The wolf in his chest, gnawing at his bones. Forever. “Ah. Then he went insane? From having an ancient evil lodged into him like a bad appendix?” Seemed rather predictable.

“Several hundred years passed. The land began to heal, and the gods rebuilt much of what was lost. Then, after centuries of torture the beast finally broke him, and yes, he went insane. The world shook with his wrath and we’d given so much of our own power to the bindings we could no longer stop him.”

“So how do I defeat him?” That seemed like the relevant question. I had a sneaking suspicion I wouldn’t get an easy answer. Or an answer, at all.

“I do not know. The truth is, I have already failed. It was my plan to seal the Beast within Arak. My plan that led to this. It is better you find your own way, and not rely on one who has already lost their battle.”

“Oh, that’s a terrible attitude. Come on now. Look. People don’t fail once and never try again. Making one mistake - a really bad one, mind you, kind of a world-ending mistake, but - doesn’t mean you can just lie down and give up. Actually, honestly, please don’t smite me for this, but it’s kind of self-centered to say you failed and won’t try again? Think of all the people you could help instead of feeling sorry.”

She didn’t say anything. So I kept talking. I was, after all, a talker.

“I failed rather badly today. Mm, I’m not going to say I got a world killed twice, exactly, but- I failed to save someone who needed my help. And it wasn’t because I’m some terrible useless excuse for a nobody. No! It was because I didn’t realize how much a small bit of kindness would mean to him. Think about that! What a wonderful mistake! I mean, awful, because he’s dead now, but- the kind of person you’d have to be to never make that kind of mistake, it’s not worth being.

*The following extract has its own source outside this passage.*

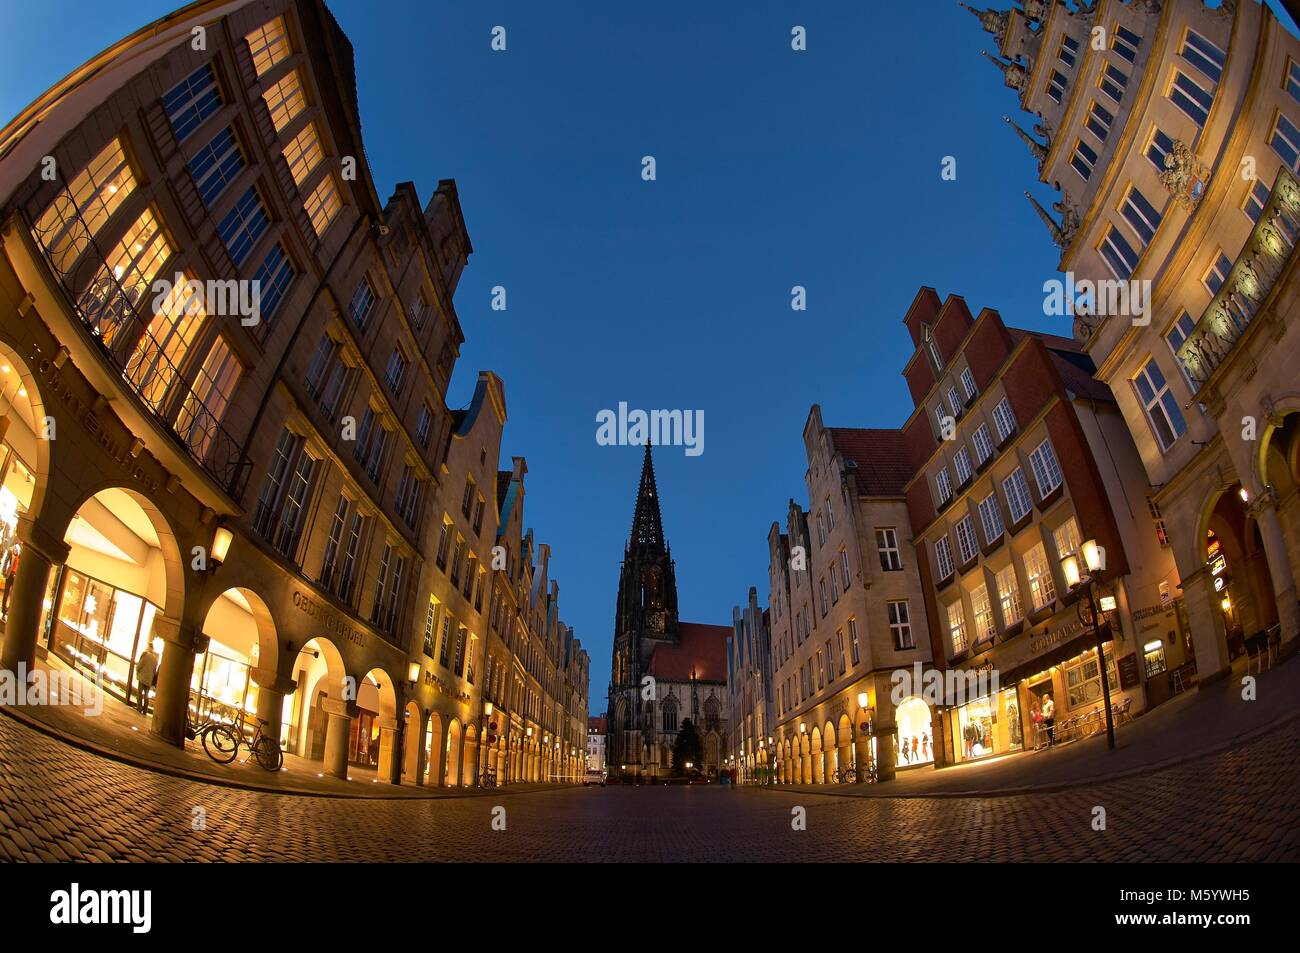 Prinzipalmarkt in Münster - Stock Image

You can’t just harden yourself up and do nothing all day and say you’re perfect because you never try anything you could fail at. Ridiculous! I’m only hours old, and that's already obvious."

I was lecturing a goddess, I realized. I stopped.

And waited for the lightning to descend.

It did, but only because she laughed again.

“You are not what I imagined.”

“Oh? What were you imagining?”

“The beast came to destroy all of the known worlds - but it also bore the power to create new ones in their place. Death and life both. When we broke it apart we sealed only the power to destroy...”

She pauses, for a moment, and after a moment more I get it. “Oh. So that ugly wolf is… part of me?” How repulsive.

“It was once. And Arak will do anything to reunite with you. To make the thing in his chest whole so it can rip its way free and end his misery. That is what it promised to him after centuries of pain and despair.”

“What you’re telling me is I kill a god and my own worse half or, mm, not just this world, which has kind of already had its day, but all the worlds die?” Oh boy. It was almost like she kept missing the part where I was hours old. An innocent naif alone in a cruel world. Completely unprepared for this.

“Yes. And I believe you will succeed.”

“I’d love to know why. Are you the Goddess of Longshot Gambles as well, maybe?”

“I chose to believe. I watched the world rot for years, without a single chance to grow anew. I could have allowed it to continue. But in the end, although it gives the Beast a chance to break free, I chose to release you from where you were hidden. Because the world won’t heal without you.”

“Mm.” You know, a second ago, I’d been the one giving high-minded lectures on morality and hope, on trying and failing. I did not at all like the taste of my own speechifying.

We stared out at the world for a while. A world I know will end.

“Thank you for the hippo. He’s a very good boy.”

“You’re welcome.”

The dream came apart like a morning fog being dispelled by bright sunlight.